The Land Before Time XIII: The Wisdom of Friends is a 2007 direct-to-video animated film and the thirteenth film in The Land Before Time series. The film was released by Universal Studios Home Entertainment on November 27, 2007.

== Plot ==
Littlefoot has been having nightmares of Grandma Longneck falling to her death, which almost occurred during an earthquake, but Grandma Longneck luckily saved herself before she fell. Grandma Longneck comforts and teaches Littlefoot important life lessons called "Wisdoms". Later on, Littlefoot, Cera, Ducky, Spike, and Petrie meet three yellow-bellied dinosaurs, Loofah, Doofah, and Foobie. They have lost their way while traveling to distant Berry Valley. Loofah, Doofah, and Foobie seem to be too unintelligent to find their way back, so Littlefoot and the others decide to help their new friends whilst sharing Wisdoms along the way.

During the trip, Littlefoot and his friends have been pursued by a quartet of Sharpteeth, led by one with a scar that goes around his head. They made it to a Watering Hole and meet other yellow bellies. Earlier, Loofah mentioned a so-called "wise one" among the Yellow Bellies but Littlefoot cannot find no sign of him. Littlefoot begins to lead the Yellow Bellies across the Mysterious Beyond to reach the Berry Valley, but Littlefoot has never been to Berry Valley and worries that he might make unwise decisions while he came to teach the Yellow Bellies how to be wise.

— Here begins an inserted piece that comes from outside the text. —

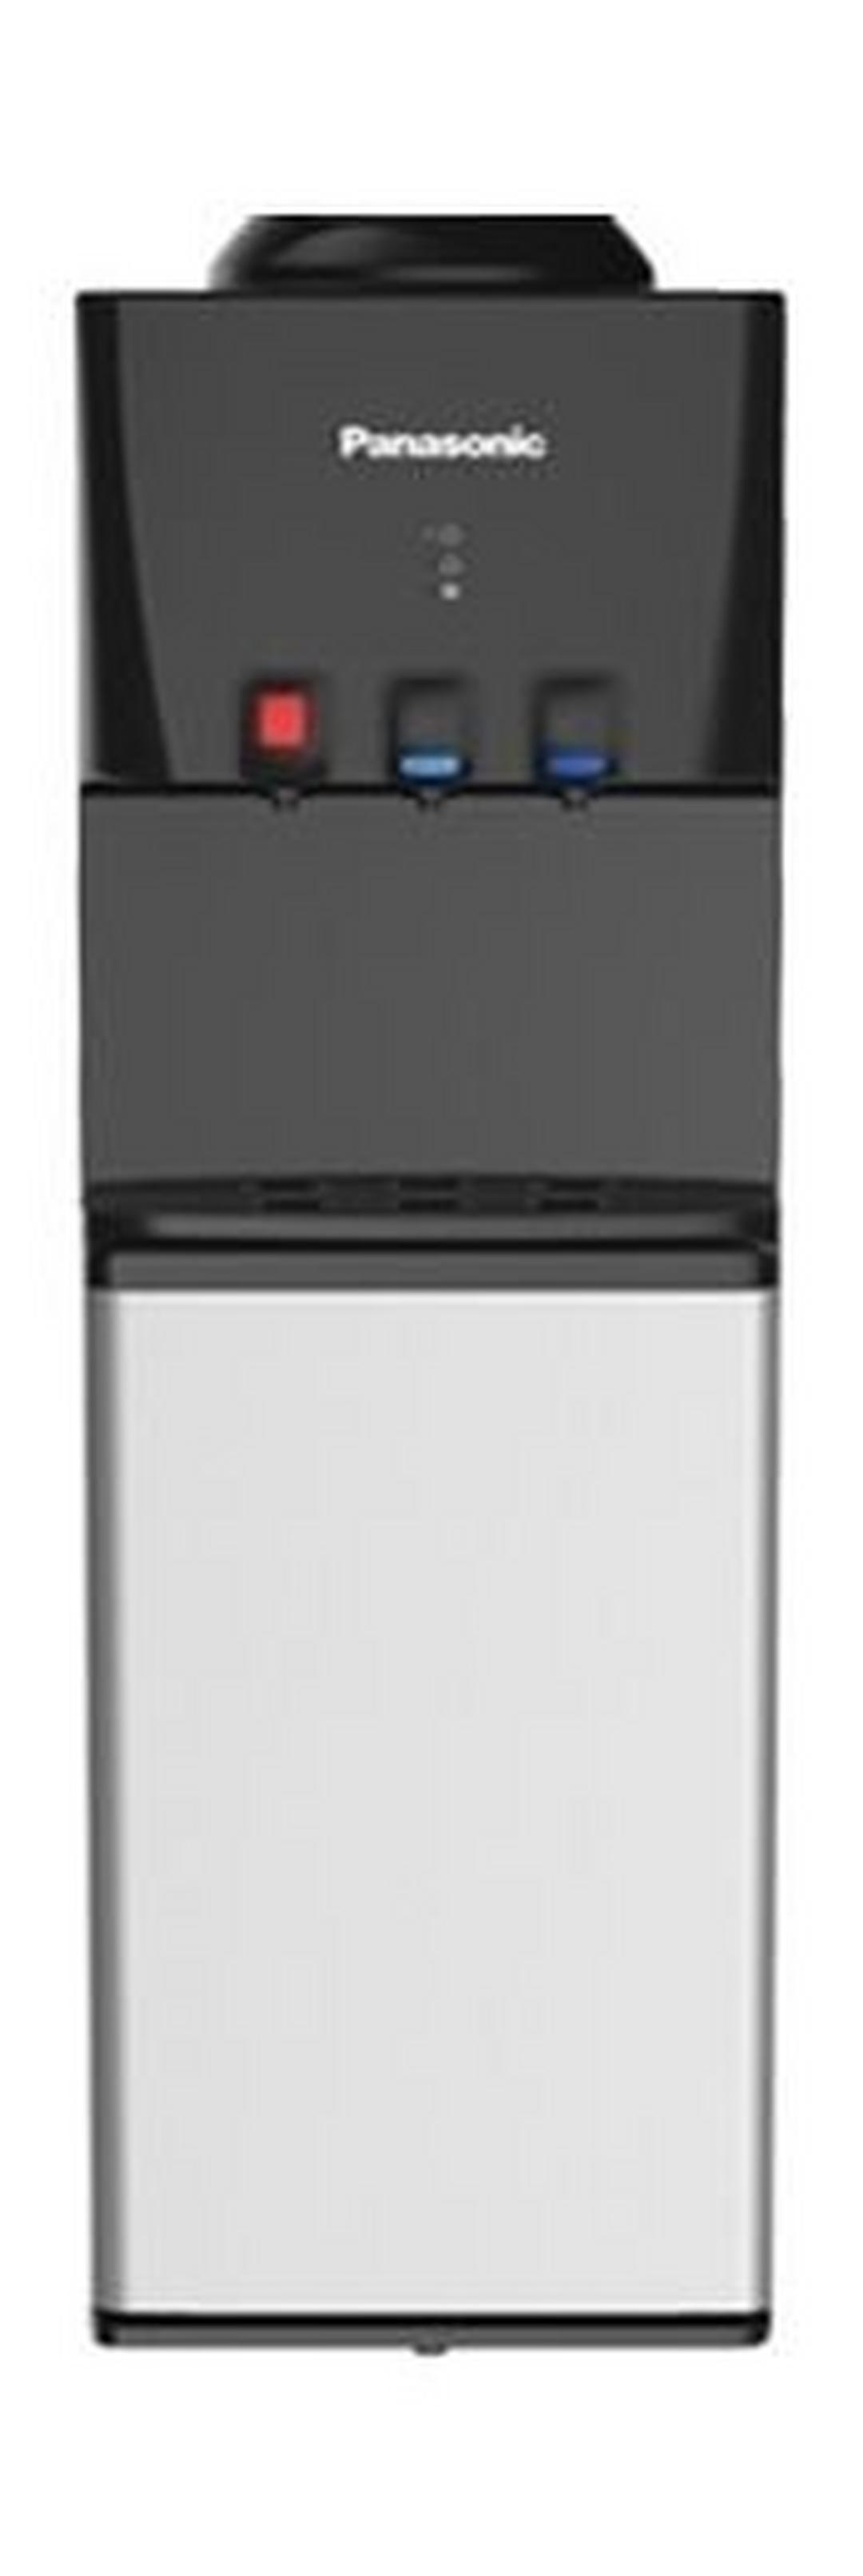 Panasonic Top Load Floor Standing Water Dispenser - White/Silver
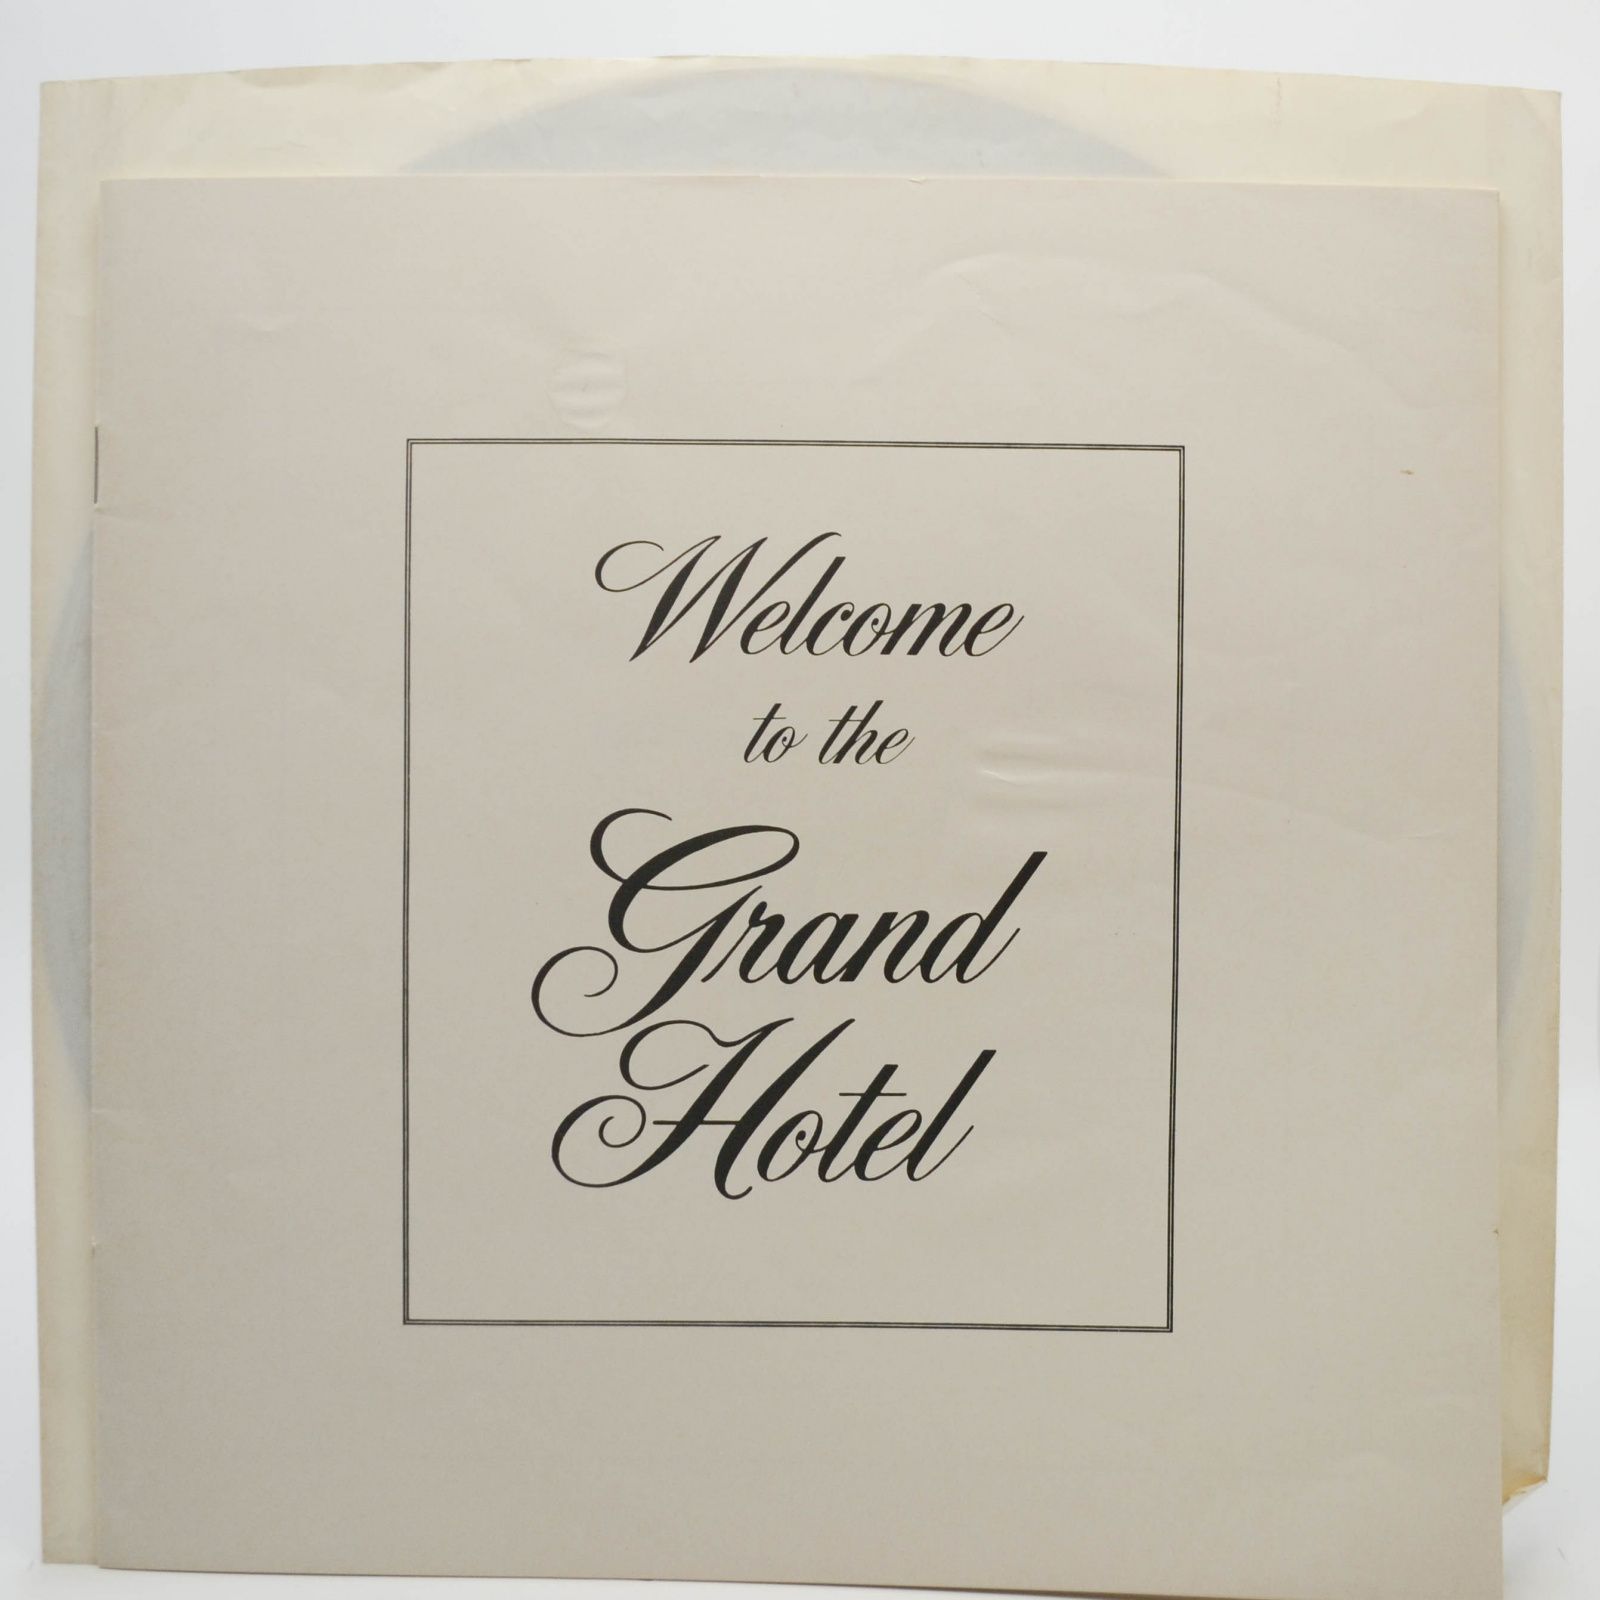 Procol Harum — Grand Hotel (booklet), 1973

His friends reassure him that he should trust in his feelings to let him know what to listen to.

As an intense storm occurs, Littlefoot leads the Yellow Bellies onto a plateau for shelter, but Doofah becomes separated from the group, going the wrong direction. Once the storm ends, Littlefoot and his friends were able to find her and she rejoins the group. The Sharpteeth attack again, but they were able to defeat them when the Yellow Bellies bounced up and down. After the Sharpteeth were defeated, they finally made it to Berry Valley. Foobie is revealed to be the "Wise One" all along. Littlefoot and his friends reunite with their family and they return to the Great Valley.

==Voice cast==

- John Ingle as Narrator/Topsy
- Cody Arens/Logan Arens as Littlefoot
- Anthony Skillman as Littlefoot (singing)
- Anndi McAfee as Cera
- Aria Curzon as Ducky
- Jeff Bennett as Petrie
- Rob Paulsen as Spike/Beipiaosaurus #4
- Cuba Gooding Jr. as Loofah
- Sandra Oh as Doofah
- Jessica Gee as Tria
- Miriam Flynn as Grandma Longneck
- Pete Sepenuk as Foobie

==Music==
The music was composed by Michael Tavera and the new songs were written by Michele Brourman and Amanda McBroom.

This was the third film in the series without James Horner's original score from the first film; the first two were The Great Longneck Migration and The Great Day of the Flyers, although Michael Tavera's older themes from previous sequels can still be heard.

==Production==
The film was revealed on the official Land Before Time website seen in a trailer.
Almost every sequel is highlighted by a celebrity guest voice; in the case of this film, they are Academy Award winner Cuba Gooding Jr. of Jerry Maguire and Golden Globe winner Sandra Oh of Grey's Anatomy.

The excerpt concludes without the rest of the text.